You are given an integer array nums of even length n and an integer limit. In one move, you can replace any integer from nums with another integer between 1 and limit, inclusive.
The array nums is complementary if for all indices i (0-indexed), nums[i] + nums[n - 1 - i] equals the same number. For example, the array [1,2,3,4] is complementary because for all indices i, nums[i] + nums[n - 1 - i] = 5.
Return the minimum number of moves required to make numscomplementary.
Example 1:
Input: nums = [1,2,4,3], limit = 4
Output: 1
Explanation: In 1 move, you can change nums to [1,2,2,3] (underlined elements are changed).
nums[0] + nums[3] = 1 + 3 = 4.
nums[1] + nums[2] = 2 + 2 = 4.
nums[2] + nums[1] = 2 + 2 = 4.
nums[3] + nums[0] = 3 + 1 = 4.
Therefore, nums[i] + nums[n-1-i] = 4 for every i, so nums is complementary.
Example 2:
Input: nums = [1,2,2,1], limit = 2
Output: 2
Explanation: In 2 moves, you can change nums to [2,2,2,2]. You cannot change any number to 3 since 3 > limit.
class Solution {
public int minMoves(int[] nums, int limit) {
/*
For each pair of numbers (at index i and N - 1 - i) l and r:
By 2 moves we can get any number between [2, limit*2] (including move a number to the same number)
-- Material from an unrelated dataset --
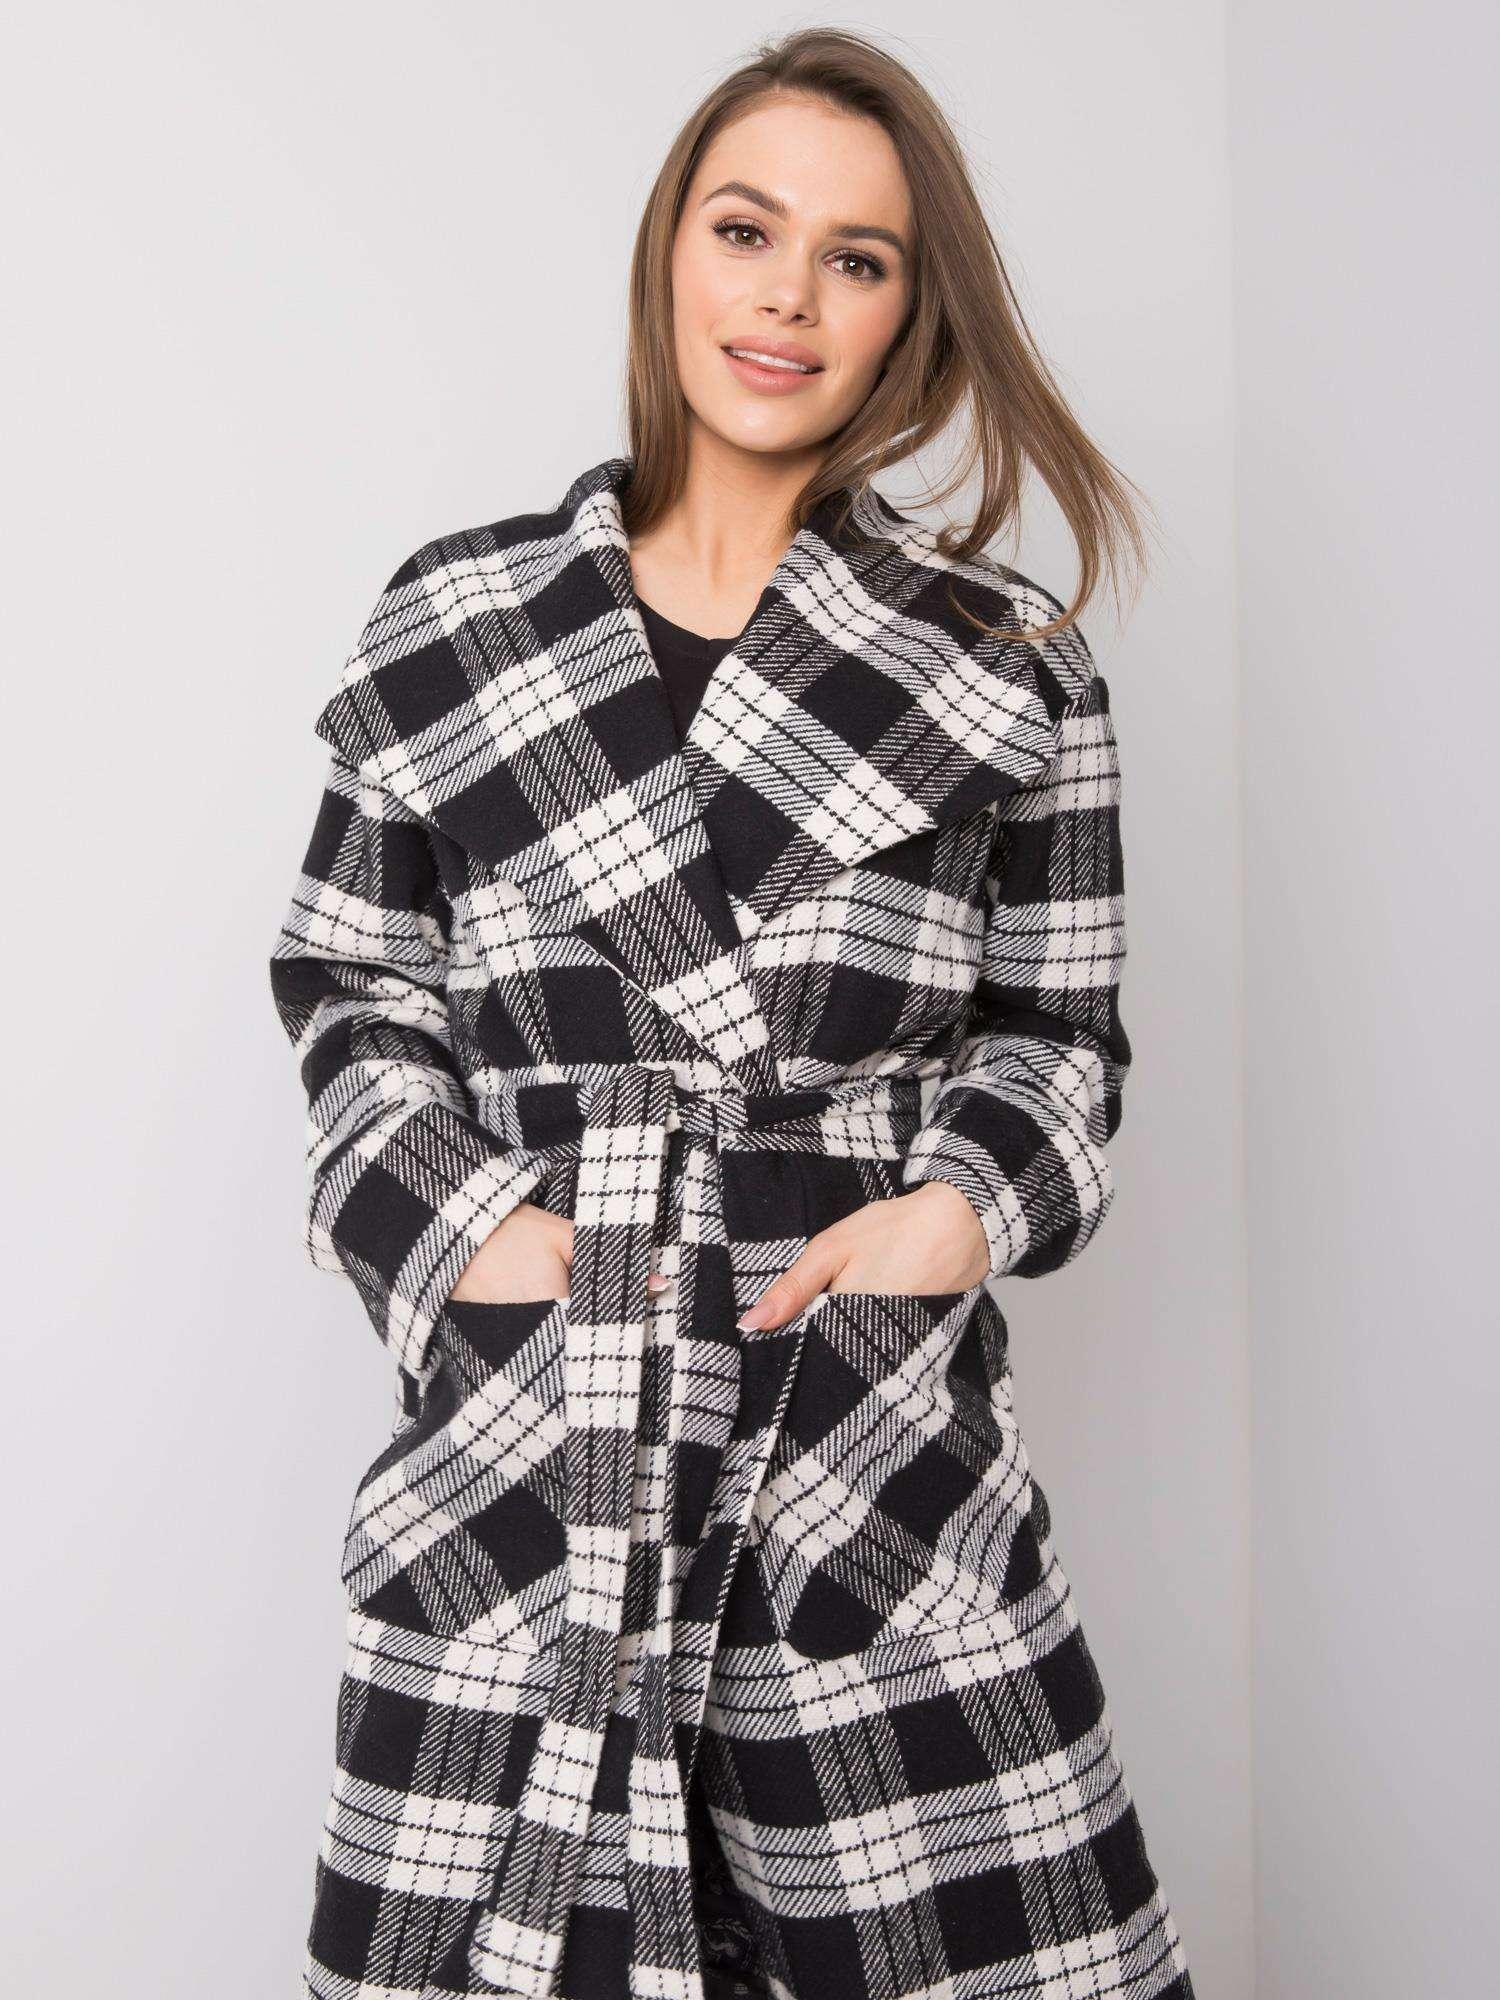 Dlouhý černý a bílý kostkovaný plášť
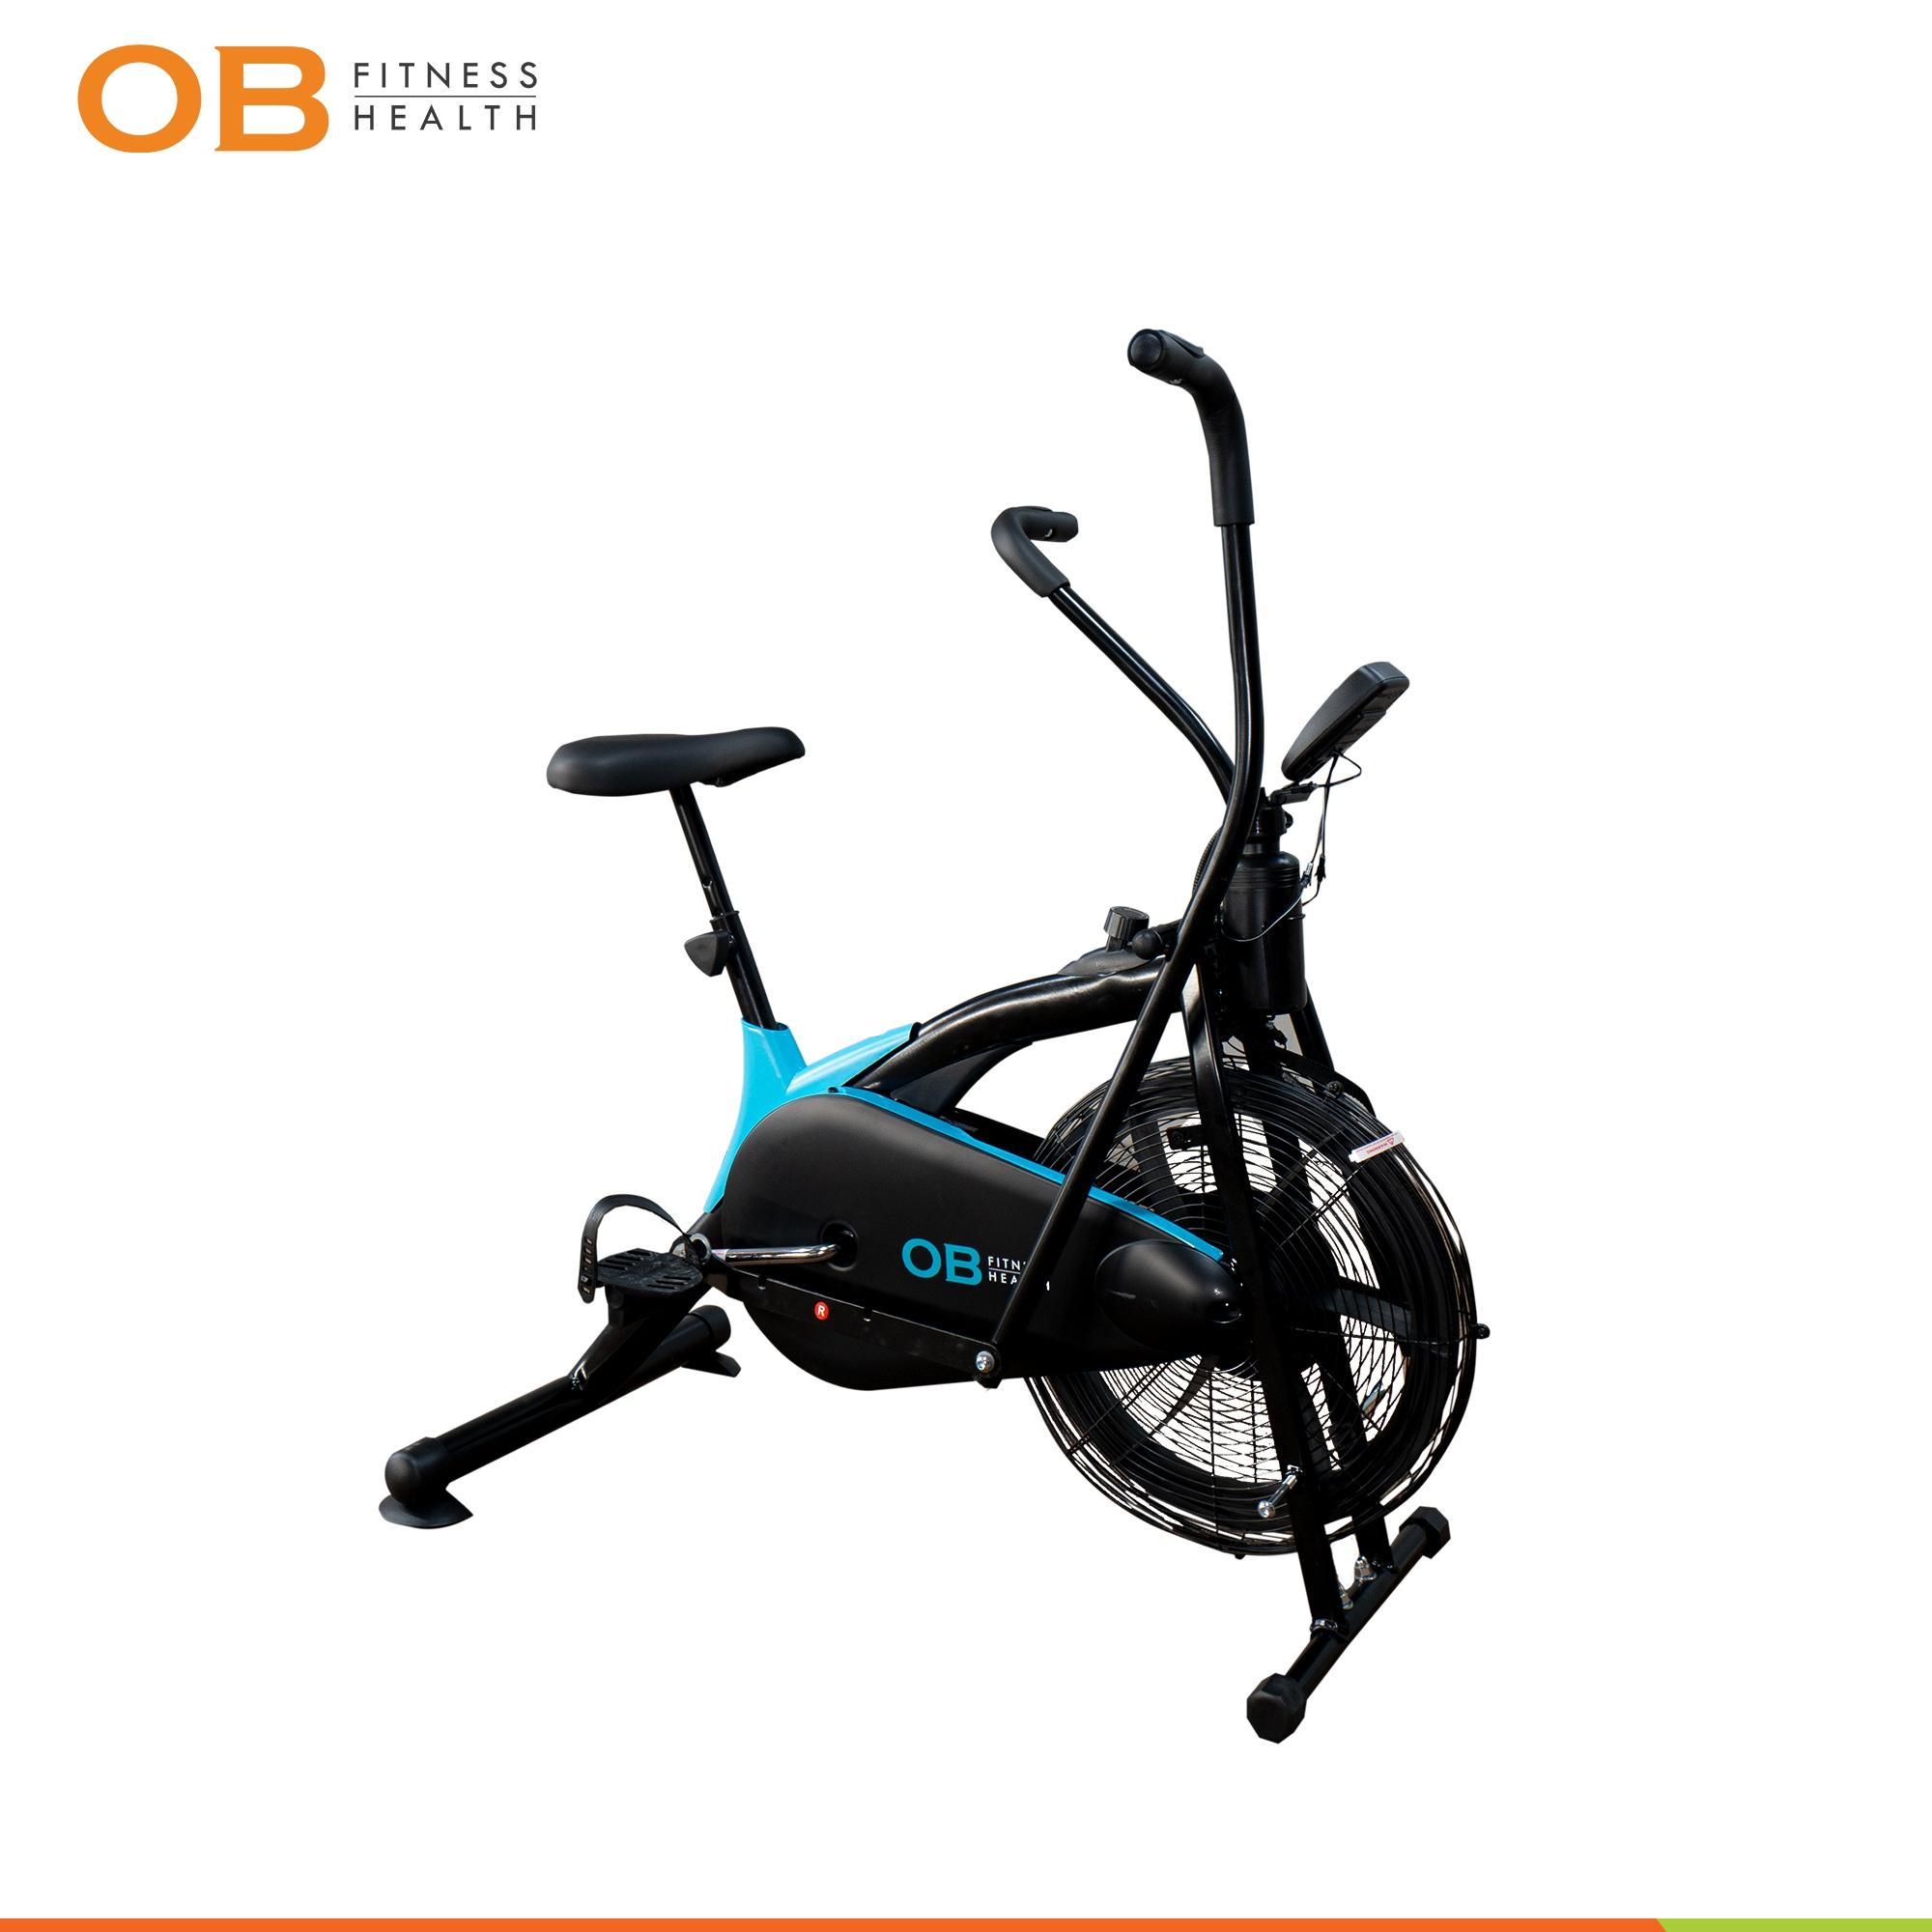 Dual Function Bike OB-6111 New Design Bike

After only one move (change one of the numbers to a number between 1 and limit)
The minimum sum we can get is (min(l, r) + 1) (let this be oneMoveMin)
The maximum sum we can get is (max(l, r) + limit) (let this be oneMoveMax)
We need no move to get (l + r) (let this be justGood)
Therefore, to get:
[~, oneMoveMin - 1] - 2 moves
[oneMoveMin, justGood-1] - 1 move
[justGood] - 0 move
[justGood + 1, oneMoveMax] - 1 move
[oneMoveMax + 1, ~] - 2 moves
*/
int[] moves = new int[2 * limit + 2];
int left = 0, right = nums.length - 1;
while (left < right) {
int l = nums[left ++];
int r = nums[right --];
int oneMoveMin = Math.min(l, r) + 1;
int oneMoveMax = Math.max(l, r) + limit;
int justGood = l + r;
moves[2] += 2;
moves[oneMoveMin] -= 1;
moves[justGood] -= 1;
moves[justGood + 1] += 1;
moves[oneMoveMax + 1] += 1;
}
int res = nums.length / 2, curr = 0;
for (int i = 2; i <= 2 * limit; i ++) {
curr += moves[i];
res = Math.min(res, curr);
}
return res;
}
}